Aviation authorities in Tajikistan and Russia are once again engaging in a seasonal battle of wills that may produce no winners, but will certainly leave innumerable hard-up Tajik migrant laborers counting their losses.
This time, the story began on March 12, when Tajikistan’s Transportation Ministry suddenly denied Yekaterinburg-based Ural Airlines permission to operate five routes connecting cities in the two countries.
The ostensible reason for this floated by Tajik aviation officials is that Ural Airlines is acting beyond the confines of a bilateral agreement granting Tajik and Russian air companies equal numbers of flights between the countries.

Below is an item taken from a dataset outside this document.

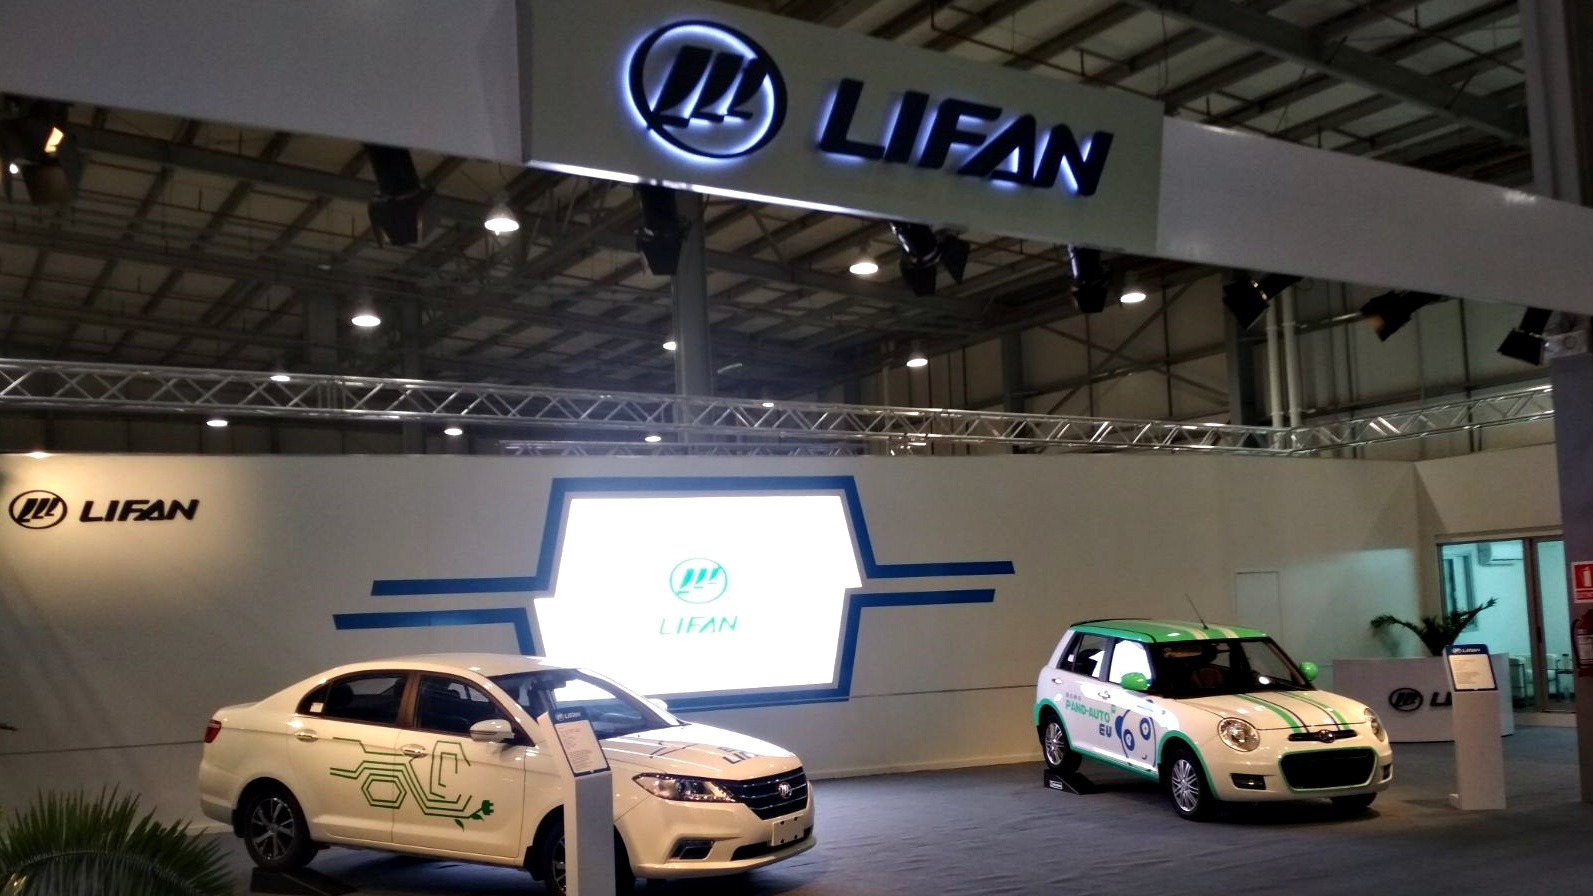  Lifan proyecta importar a Uruguay autos eléctricos con baterías intercambiables

Since Tajik airlines — Tajik Air and Somoni Air — simply have no spare capacity to add further routes, Ural Airlines had little way to negotiate its way out of the impasse. So the Russian government came to the company’s aid on March 19 by punitively adjusting the flight plans of the two Tajik airlines in such a way that added an hour to their routes, with obvious cost implications.
Predictably, Dushanbe followed suit two days later by requiring similar flight path changes to Russian airlines operating routes to Tajikistan, which also include UTAir and S7.

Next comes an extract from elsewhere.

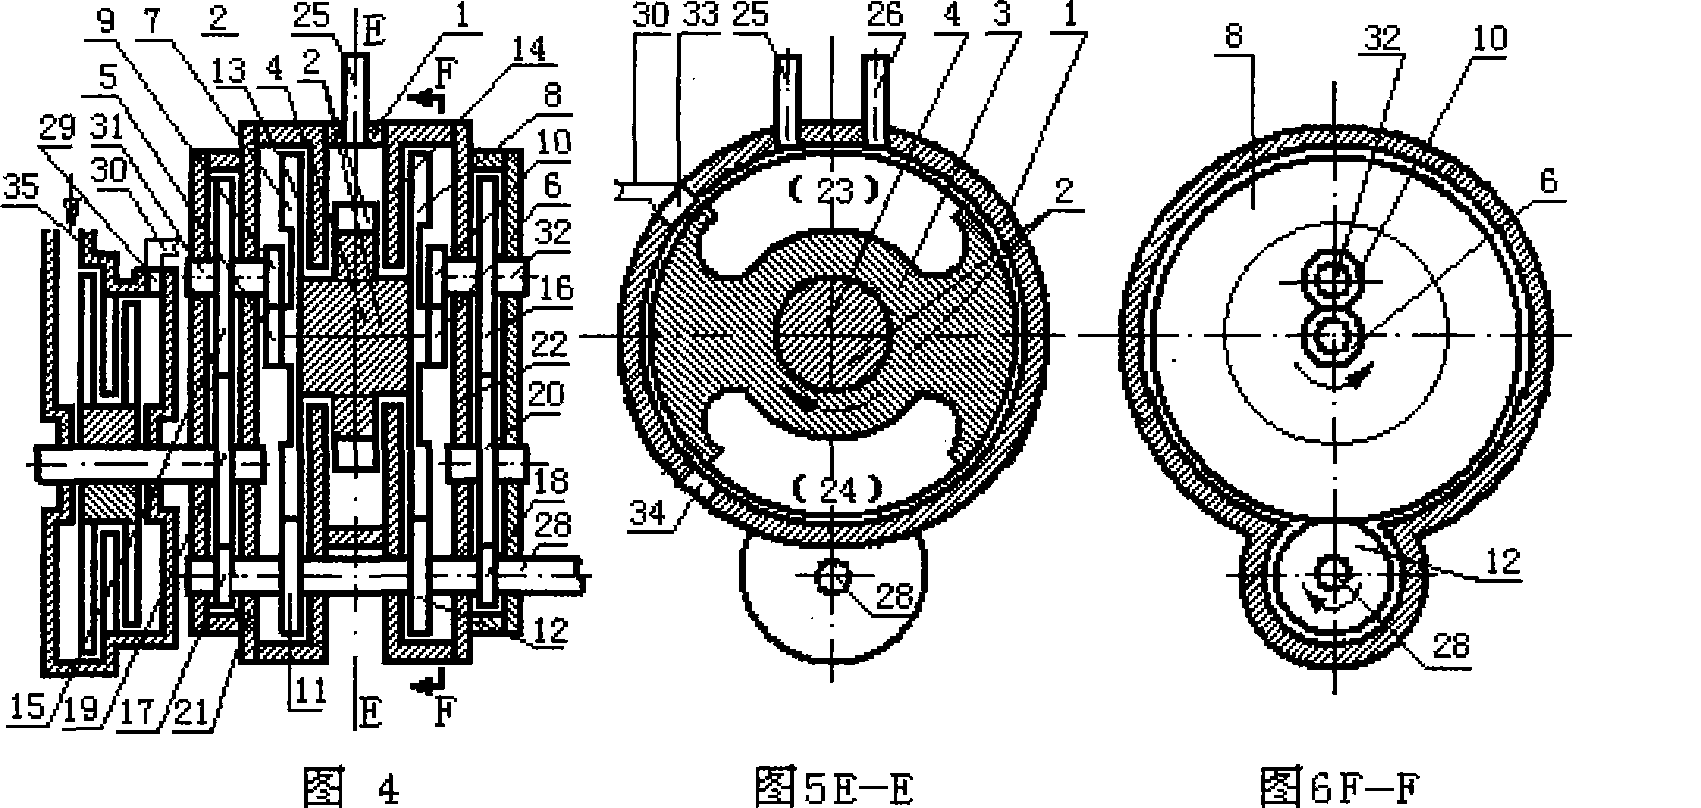 Constant volume type piston rotor engine

Tajik aviation officials then went one further by declining to approve Ural Airlines’ summer flight schedule. Every six months, Tajikistan switches over to a summer flight schedule, which covers a period from March 26 to October 26.
As a result, Ural Airlines planes due to fly out from Yekaterinburg to Dushanbe and Khujand on March 25 were left stranded on the runway. Around 300 passengers were forced to wait around for 13 hours while frenetic negotiations were held between aviation officials from both sides.
A company representative from Ural Airlines told Eurasianet on condition of anonymity that the summer schedule issue was pushed back by three days, pending more talks, which means that unless a permanent solution is found, anybody holding tickets from March 29 onward will be stuck.
“Aviation authorities from both countries are still in talks and they have not yet come to a shared position,” the airline representative said.
A Russian transportation official has stated in an interview that unless matters are satisfactorily resolved, Somon Air will lose it Russian flight privileges.
This is not the first time this has happened. In November 2016, Tajikistan stripped Russia’s Yamal Airlines of its right to fly to Dushanbe and Khujand, citing similar parity issues to those being raised now. When Russia took aim at Somon Air, a resolution was swiftly found.
While Tajikistan argues that by enforcing international agreements, it is protecting the interests of its companies, what is also certain is that limiting competition invariable drives up prices for travelers. Tajik migrant laborers go abroad — predominantly to Russia — to earn money to send home, but their government is contriving to make that ever more difficult.